Researchers at the University of New England are raising some provocative questions about the process doctors rely on to select antibiotics for their patients.
They just published their findings in a scientific journal. But their work actually began two years ago — with a very sick woman a thousand miles away.
Dr. Meghan May, an associate professor of biomedical sciences at UNE, was contacted by a colleague at Indiana University Hospital who was concerned about the sick woman’s infection. The patient had arrived at the hospital critically ill with with an unusual type of pneumonia, and clinicians suspected a pathogen that’s rarely found in humans called Francisella philomiragia.
They asked May to confirm their suspicion. Of the few patients who develop the infection, most have experienced a near-drowning and inhaled water contaminated with the pathogen. This patient curiously had not.
“To this day we have no idea how she got it,” May said.
May performed DNA sequencing, which validated the cause as Francisella philomiragia. With no time to waste in the meantime, the patient’s doctors treated her with a cocktail of antibiotics.
Then May and “some very, very diligent medical technicians” in the Indiana hospital’s lab noticed an oddity about the case. The technicians tested the pathogen to see which antibiotics it was sensitive to, a regular practice that helps doctors decide which medications to prescribe to combat infections, May said.
The lab staffers grew the organism in an incubator that mimics the ambient air environment, standard practice with “antibiotic-resistance susceptibility” testing. But because the organism was so uncommon, they took the extra step of testing it in a second incubator that creates an environment with elevated levels of carbon dioxide.
The two results were drastically different. In ambient air, the organism responded to antibiotics commonly used to treat respiratory infections. In high levels of carbon dioxide, it was extremely resistant.
So the lab technicians ran the test again. They got the same results.
That’s when May jumped back on the case. She zeroed in on antibiotic-resistant genes “that fly around hospitals and create superbugs” by spreading themselves to a variety of bacteria and viruses. May hypothesized that such genes were involved, and behaving differently based on the environment around them.
Further study over the next year with her student team from UNE showed she was right. In ambient air, two antibiotic-resistant genes frequently seen in hospitals remained dormant. But “when you put them in elevated CO2, they get turned on like a light switch,” she said.
Standard testing had indicated that the class of drugs including penicillin should work against the woman’s infection. But elevated carbon dioxide is also found on the surface of the lungs, where her infection had taken hold. In that environment, the antibiotic-resistant genes activated and rendered the usual treatment useless. If her doctors had tried only the medications that standard testing favored, she may not have survived.
The potential implications of their findings reach far beyond one patient in Indiana, however.
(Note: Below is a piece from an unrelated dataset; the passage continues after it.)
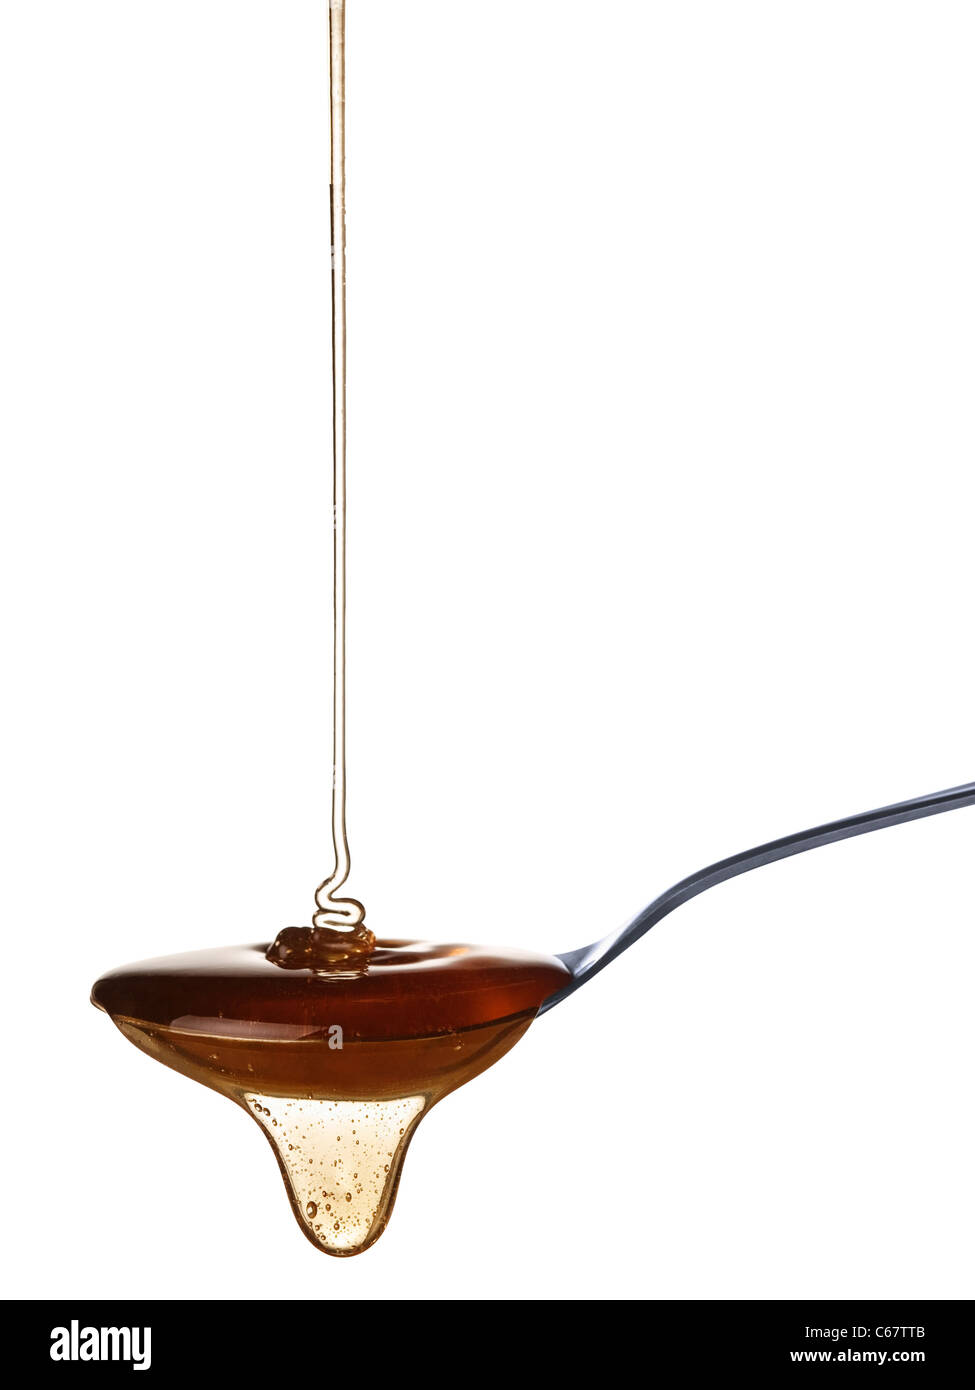 La miel lentamente cae en la cuchara. Foto de stock

The work raises doubts about the reliability of standard testing for antibiotic resistance, which doctors across the country count on to quickly and accurately select medications for their patients, for conditions as common as ear infections.
“If we’re always testing in regular air, [antibiotic-resistant genes] are going to be switched off and we’re not going to see them,” May said.
Those genes play a role in an untold number of dangerous infections responsible for a crisis in the nation’s hospitals. Up to 10 percent of hospitalized patients in the U.S. acquire an infection every year, leading to 99,000 deaths and $20 billion in health care costs, according to conservative estimates by the U.S. Centers for Disease Control and Prevention.
“If we look at causes of death in the U.S., particularly within hospital settings, infection is absurdly high,” May said.
Both of the genes the UNE researchers tested are found among the World Health Organization’s list of the globe’s most dangerous superbugs, May said. But there are many more.
Without accurate testing that equips doctors with the information they need, they may prescribe antibiotics that have no hope of working. Physicians frequently encounter infections resistant to common antibiotics, leading them to try multiple medications in hopes of landing on one that will thwart the illness. That not only puts individual patients’ lives at risk, but also contributes to greater antibiotic resistance among the entire population, experts say.
The UNE team’s research, published in July in mSphere, a journal of the American Society of Microbiology, suggests that testing for antibiotic resistance must also take into account the physiological conditions of the infection, May said. Elevated carbon dioxide, for example, is also found in the blood of sepsis patients. But other conditions that could affect how infections respond to antibiotics include salt concentrations or pH levels, she said. There are also multiple classes of antibiotics to further explore.
“We want to look at other antibiotic-resistant genes and other physiological conditions and see how widespread this phenomenon actually is,” May said.
May acknowledges that the changes she’s suggesting to testing for antibiotic resistance would represent a “sea change in the way things are done.” Clinicians and labs would have to agree upon, validate, and communicate a set of conditions under which to test for antibiotic resistance, depending on the type of infection, severity, and a range of other physiological factors. Now, labs get a swab and run it through a single testing procedure, she said.
This is just one study, and more questions remain, as May said. But it’s fair to say that the research could point to a big blind spot in the process doctors use to choose antibiotics for their patients.